Task instructions
All lines holding the string "conditional" should be copied from the data below.

━━━━━ Data listing ━━━━━

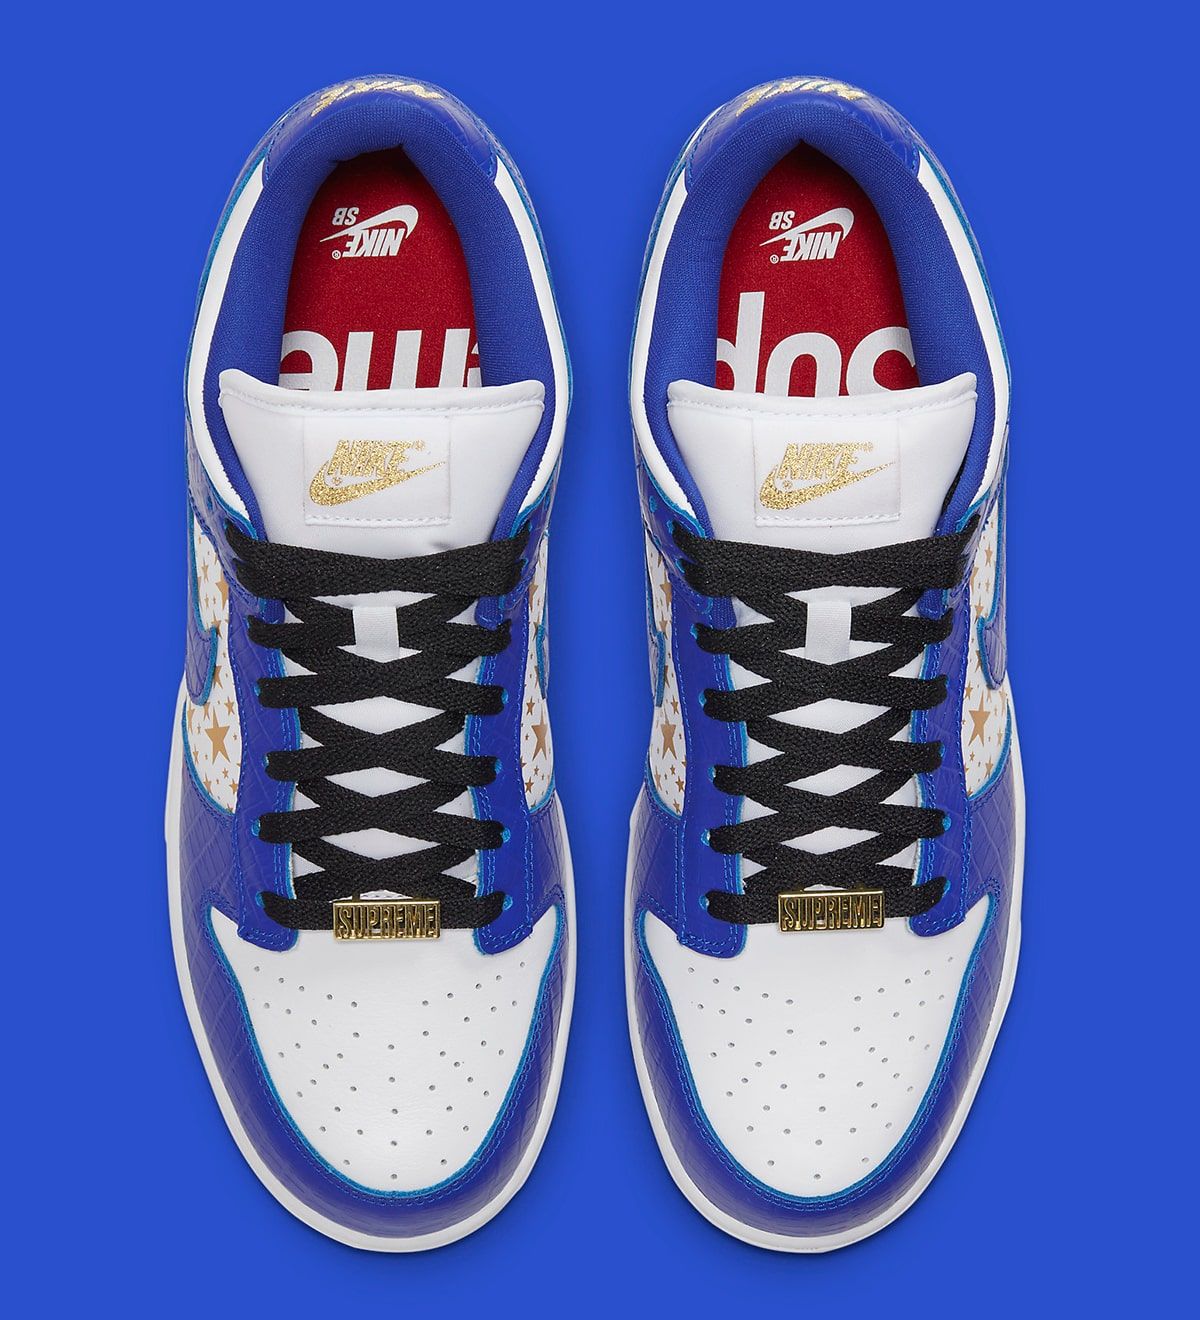 Supreme x Nike SB Dunk Low "Stars" Earmarked for March 4th Release | HOUSE  OF HEAT
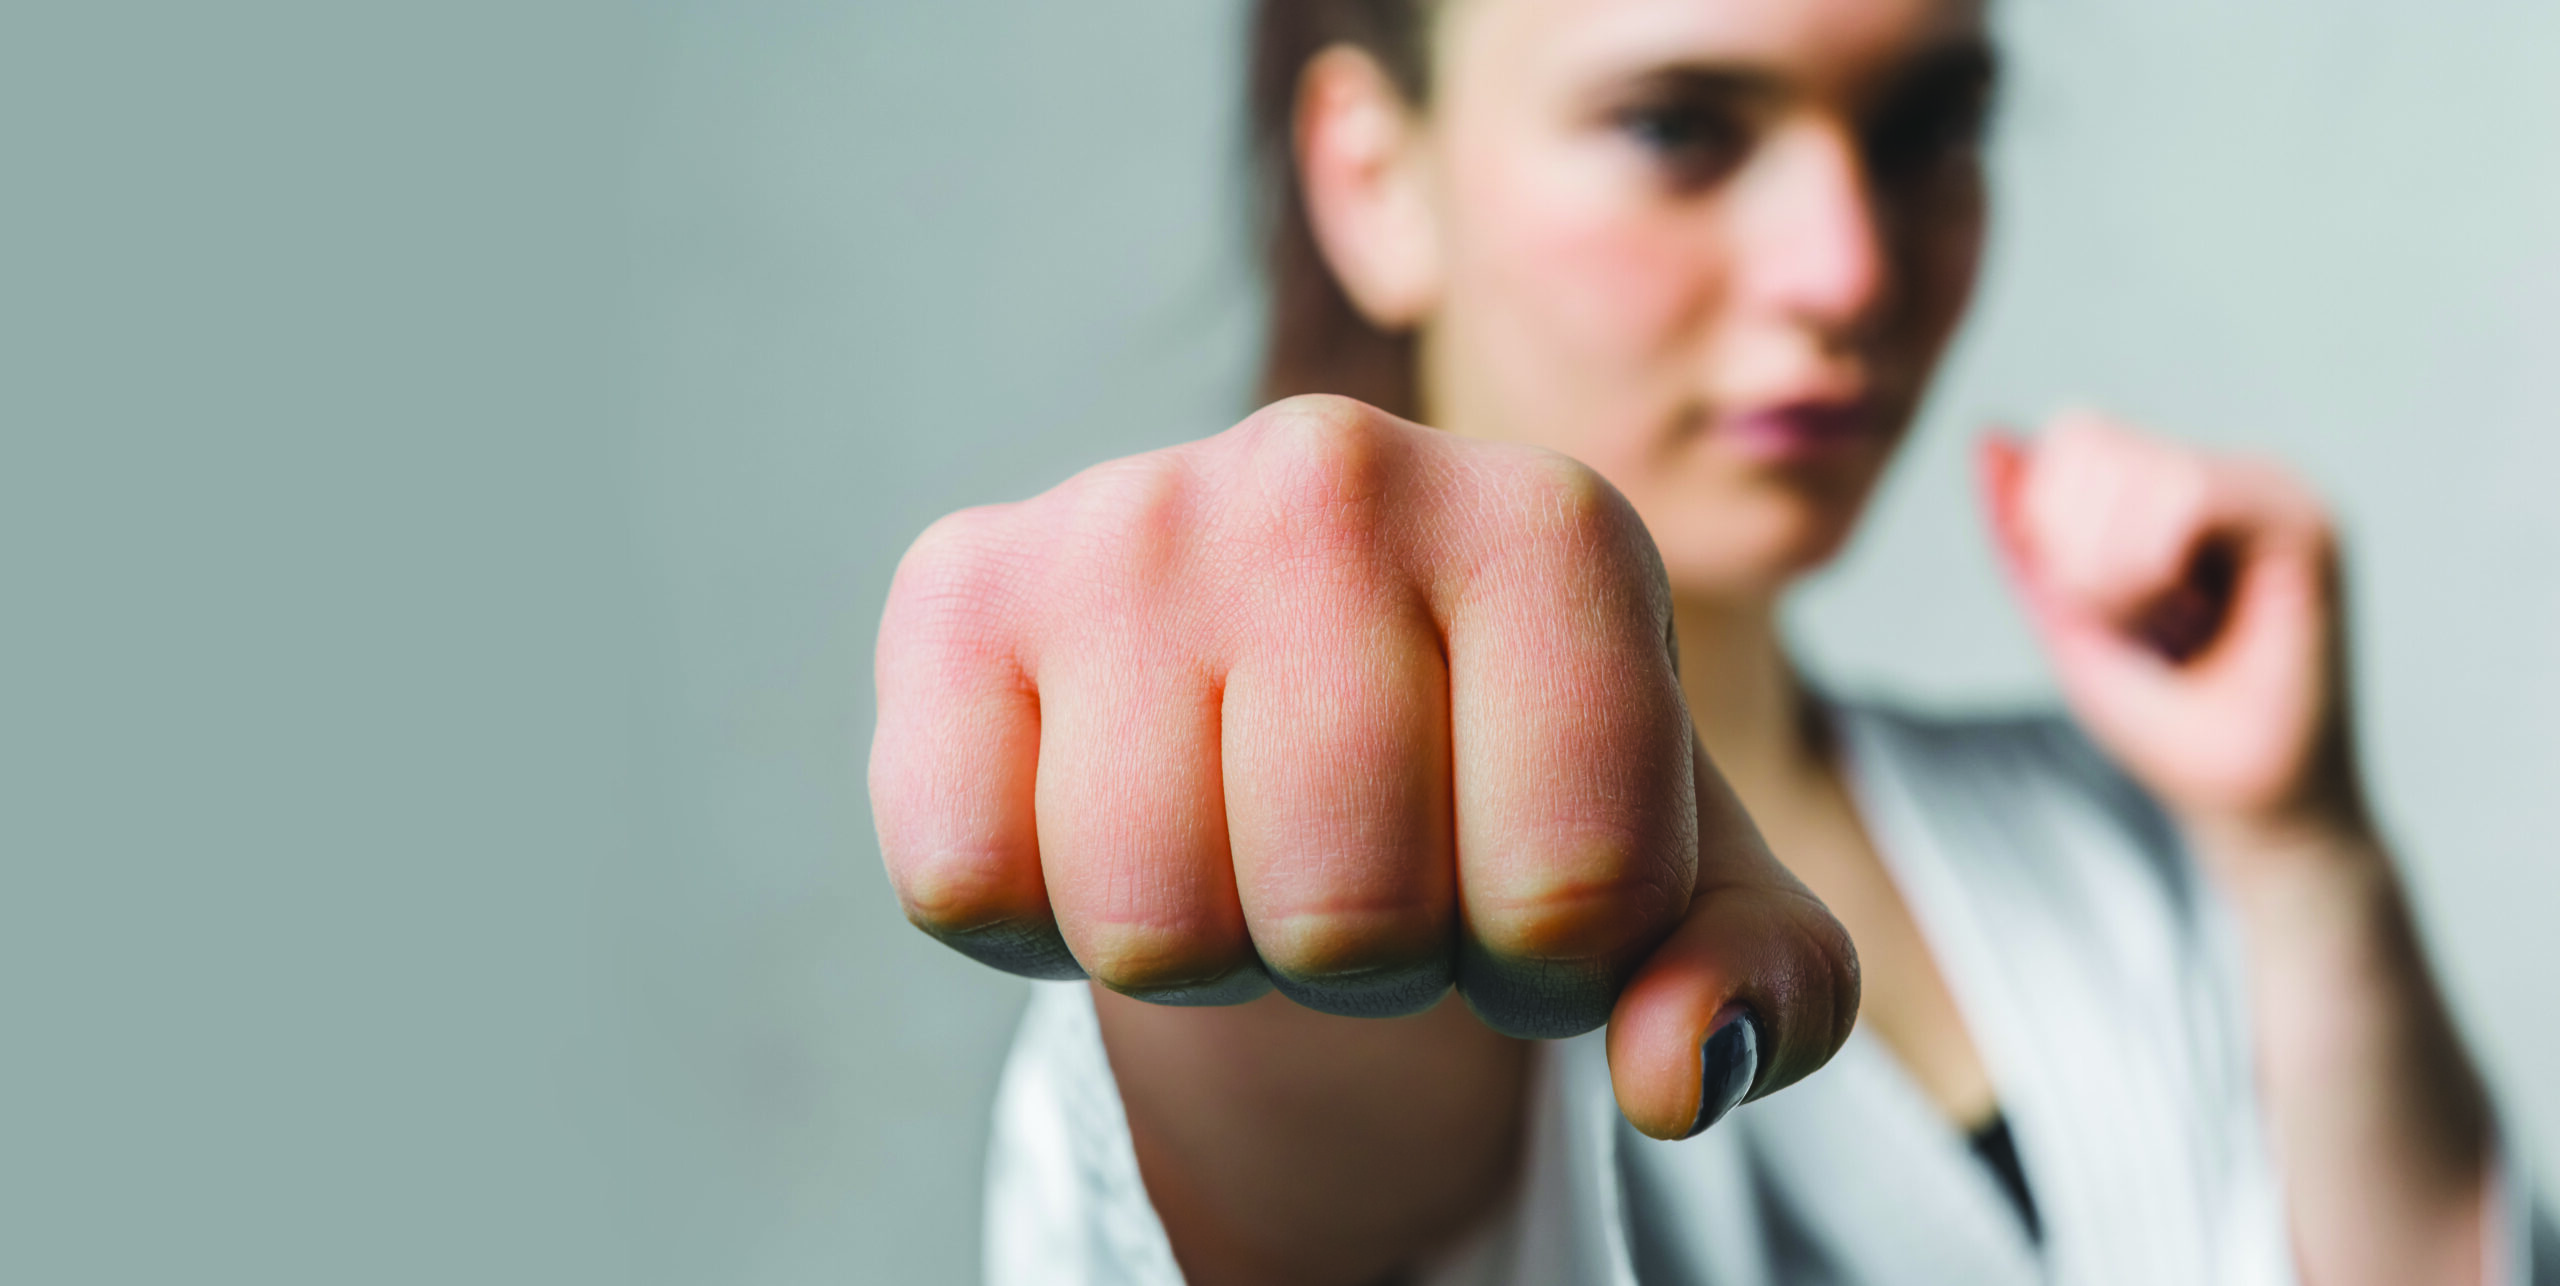 Empower Yourself: Self Defense Fundamentals for the Real World
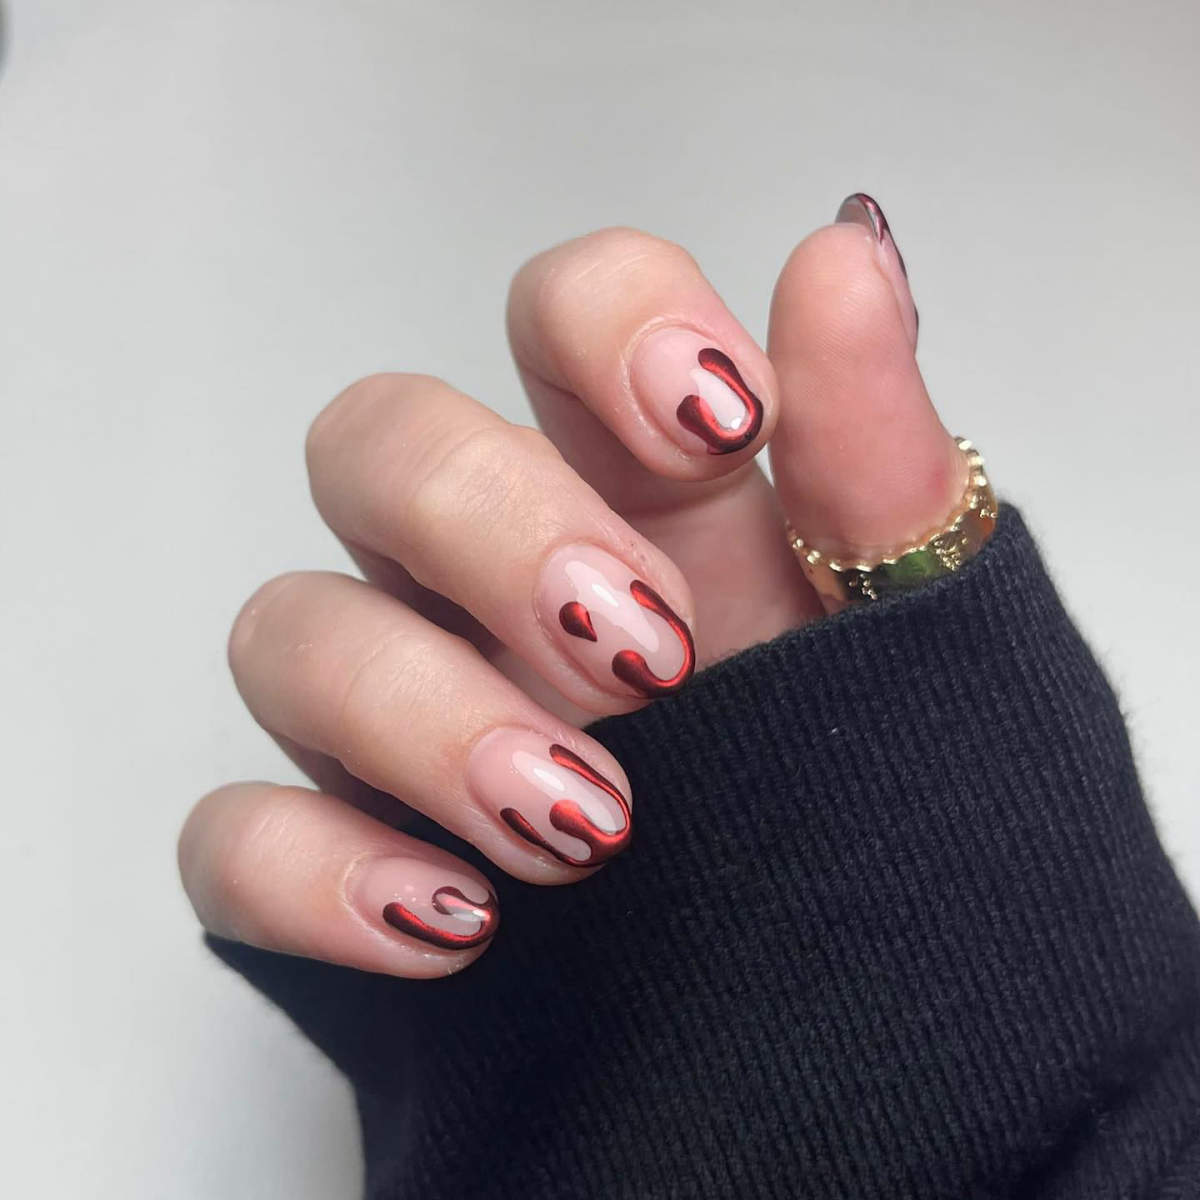 bloody nails designs
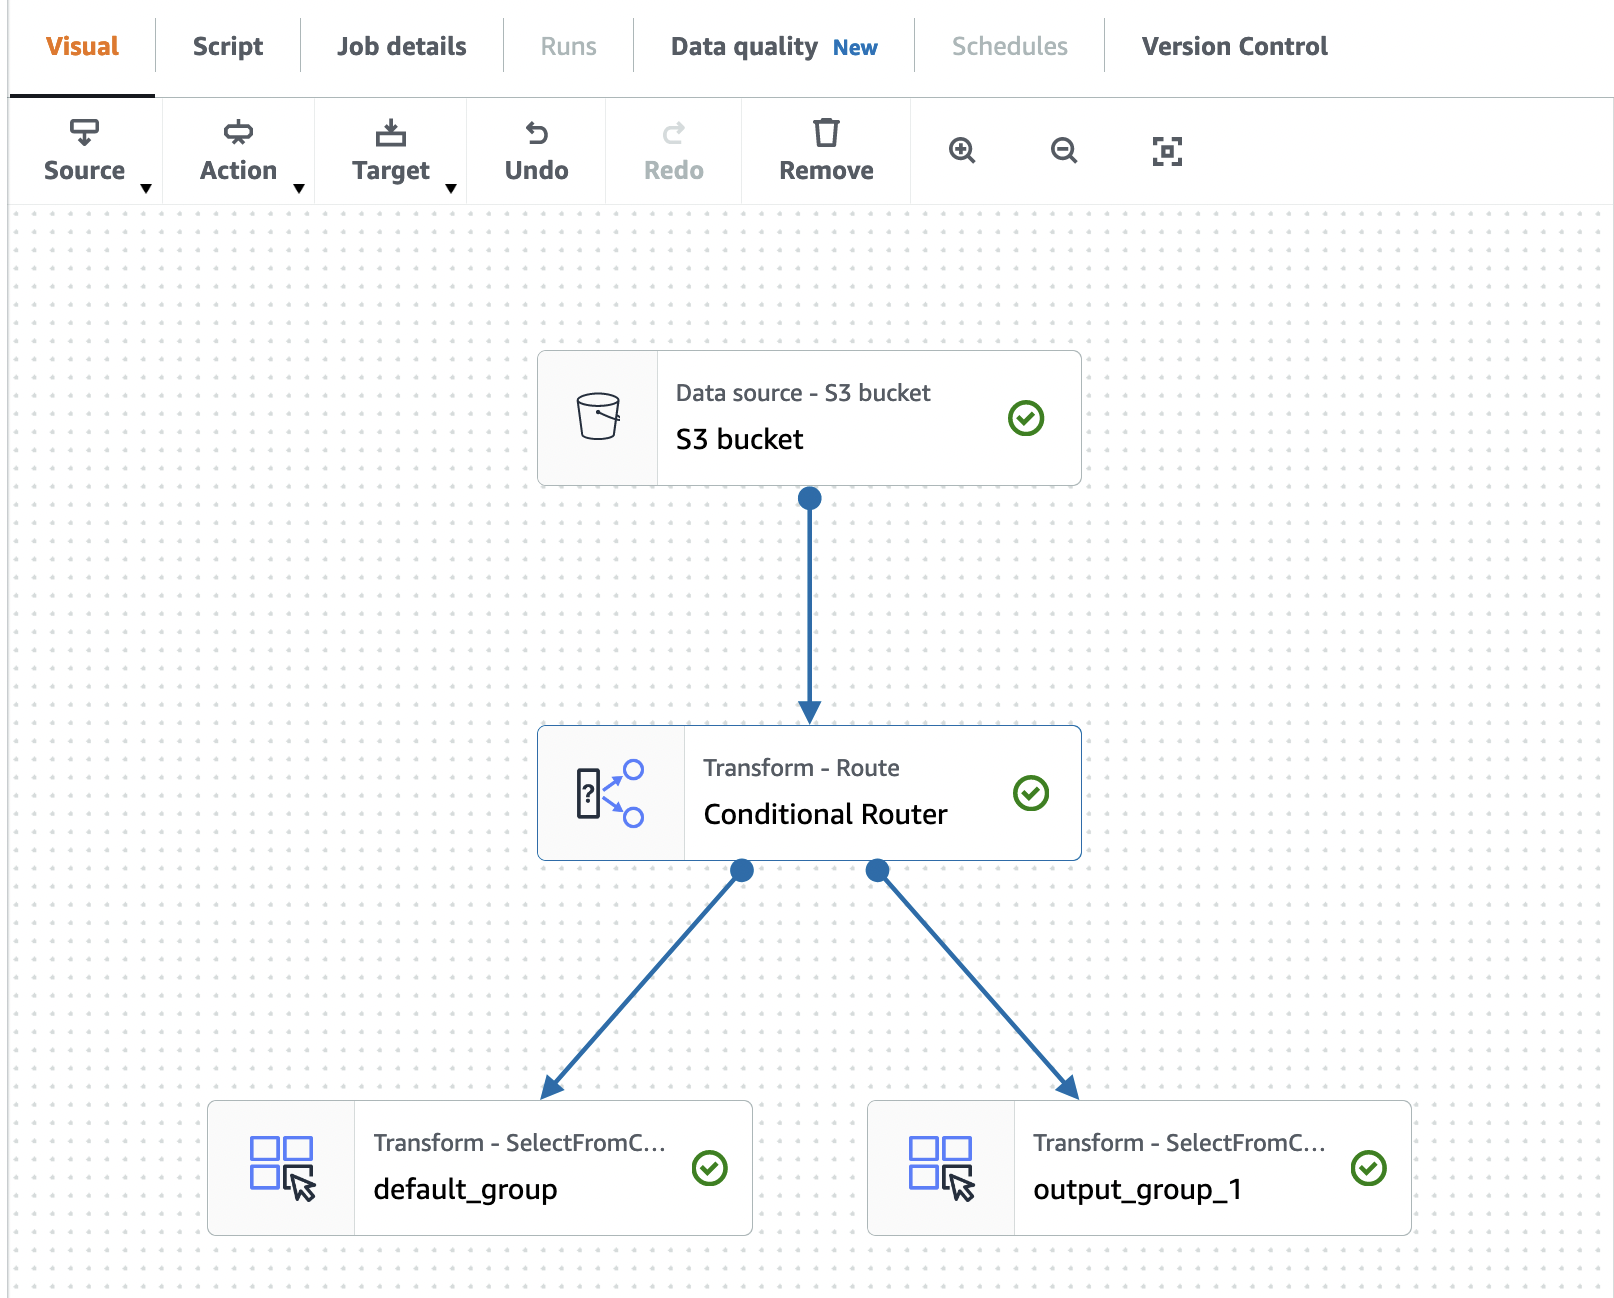 
              The screenshot shows the conditional router transform node connected to a source node. Output nodes
                are shown branching from the conditional router node.

━━━━━

The completed task
              The screenshot shows the conditional router transform node connected to a source node. Output nodes
                are shown branching from the conditional router node.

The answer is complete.